Would appreciate some feedback on the likelihood of getting into the following using an internal exchange from another Hyatt 2BR VC during late May, early Aug. and weeks 50,51,51 & 1)) :

Highlands Inn
any of the Key West properties (which is the hardest to get?)
Siesta Key
Coconut Beach
Park Hyatt
Mountain Lodge
Hacienda del Mar
Wild Oak

Thanks.


----------



## DAman (Jun 8, 2013)

I have gotten into Highlands Inn twice for four days in a two bedroom unit.  One year checked in August 5 and another August 13.  Weeks 51 and 52 are doable at HI but they require lots of points. Since 51 and 52 are holiday weeks you have to book the entire week until about 90 days out. That makes getting a full week easier if you have the points. I don't  follow any of the other locations. I do like HI.


----------



## MaryH (Jun 9, 2013)

Week 51 52 siesta key and park hyatt beaver creek would be the hardest.  if you want week 50 you should put in your request or check soon since it is almost 6 month before.


----------



## lizap (Jun 9, 2013)

Thanks.  Great, so Park Hyatt and Siesta Key are possibilities during non-peak times.




MaryH said:


> Week 51 52 siesta key and park hyatt beaver creek would be the hardest.  if you want week 50 you should put in your request or check soon since it is almost 6 month before.


----------



## bdh (Jun 9, 2013)

lizap said:


> Thanks.  Great, so Park Hyatt and Siesta Key are possibilities during non-peak times.

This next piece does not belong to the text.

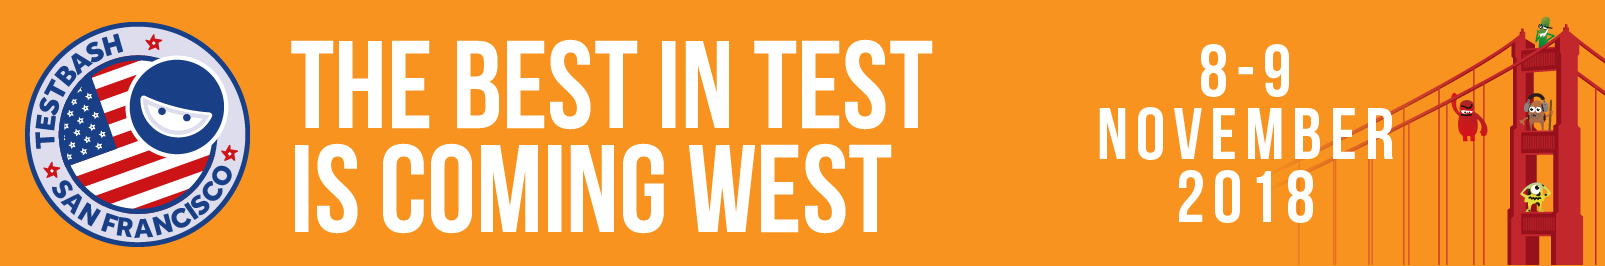 TestBash San Francisco 2018 banner image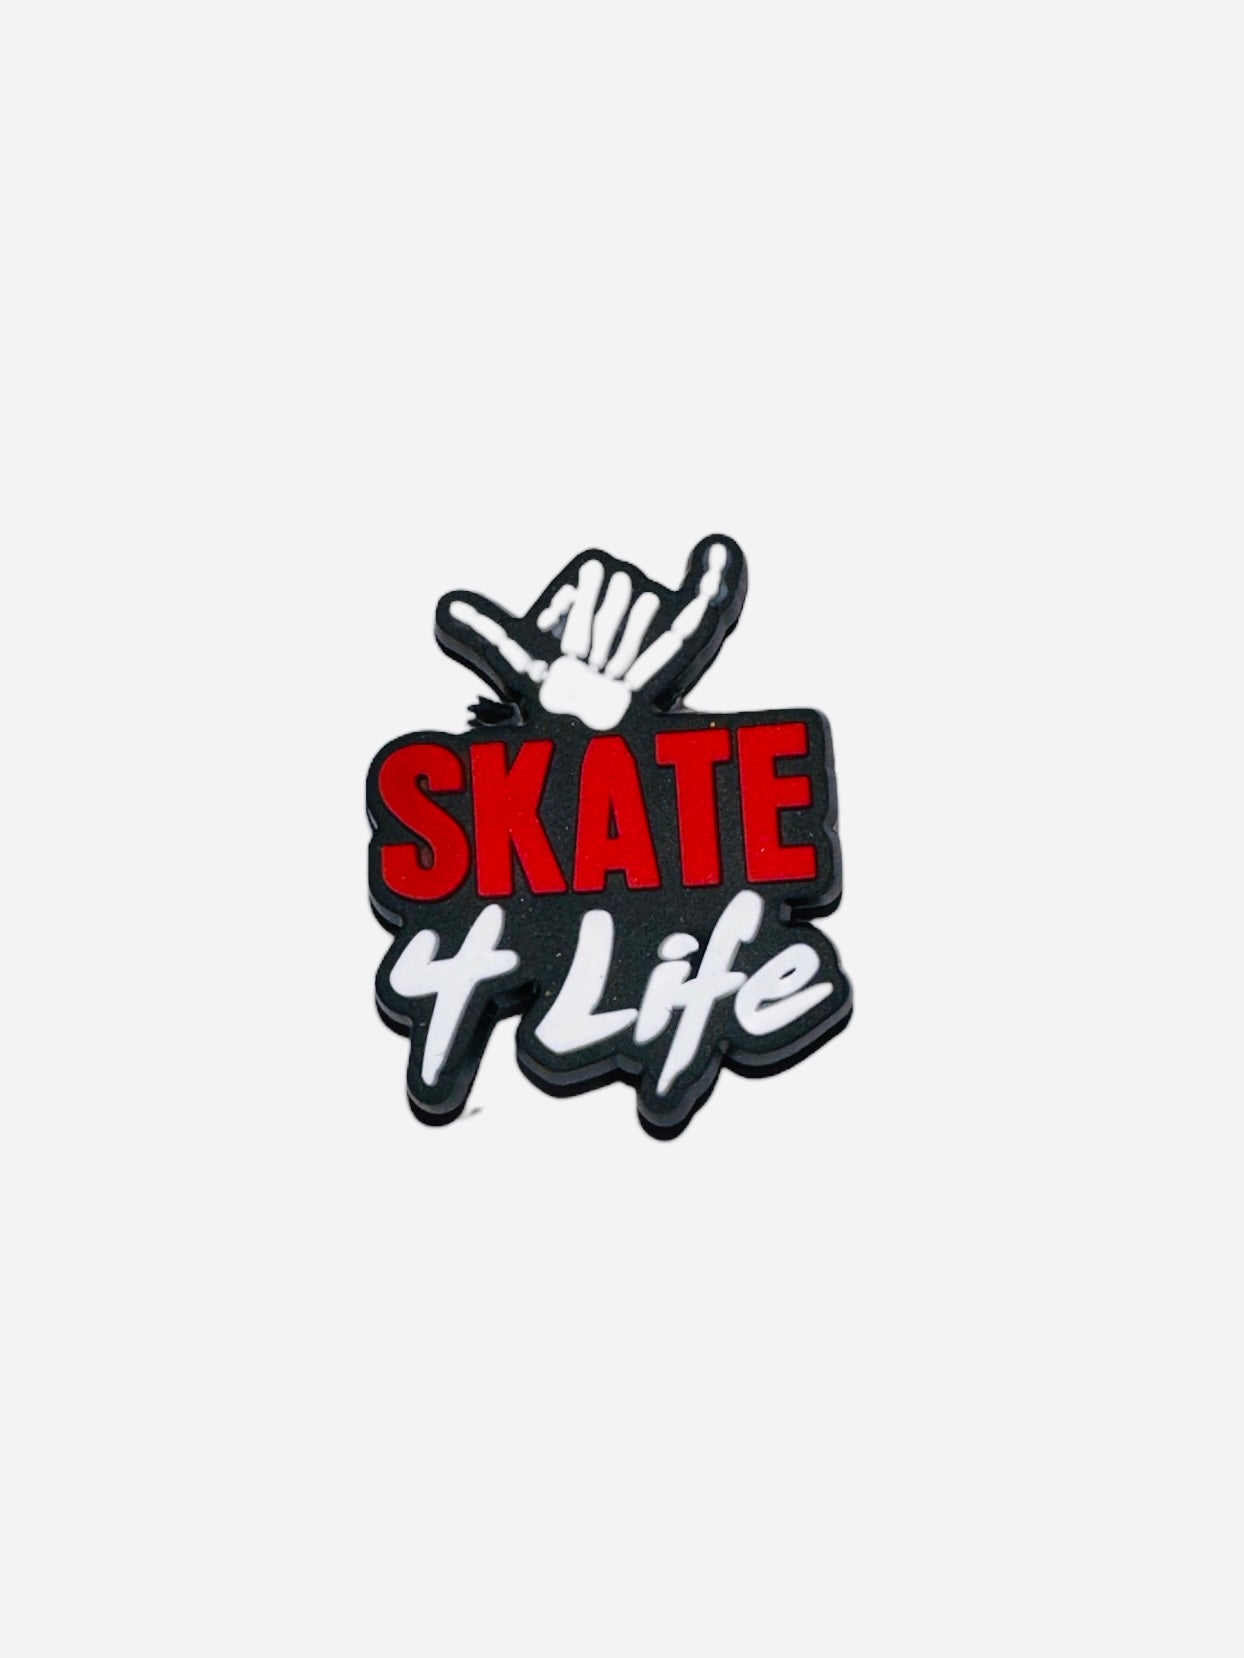 BiTZ - skate 4 life

Park Hyatt off peak is doable.

Siesta Key is a needle in the haystack at any time (when you combine the fact that there are just so few SK units/weeks in the system with the fact that the owners of those weeks paid top dollar and they are still relatively new owners, they tend to use their weeks at their home resort).  But SK dates do randomly pop up, so there is a chance that you'll get one if your dates are flexible.


----------



## Kal (Jun 10, 2013)

Here are my thoughts on chance of success:

Highlands Inn - 10%
Siesta Key - <<1%
Coconut Beach - 40%
Park Hyatt - 20%
Mountain Lodge - 20%
Hacienda del Mar - 90%
Wild Oak - 70%


----------



## MaryH (Jun 24, 2013)

I got siesta key last year but only had enough points for the 4 day weekdays.


----------



## dunwu (Jun 24, 2013)

*Please help to check availability, Hyatt owner*

Wrong thread. Moderator, please help to delete.


----------



## tahoeJoe (Jul 6, 2013)

Kal said:


> Here are my thoughts on chance of success:
> 
> Highlands Inn - 10%
> Siesta Key - <<1%
> ...



I agree  book maker,  KAL "The Greek". I think those odds are pretty close. Wild Oak may be slightly higher.


----------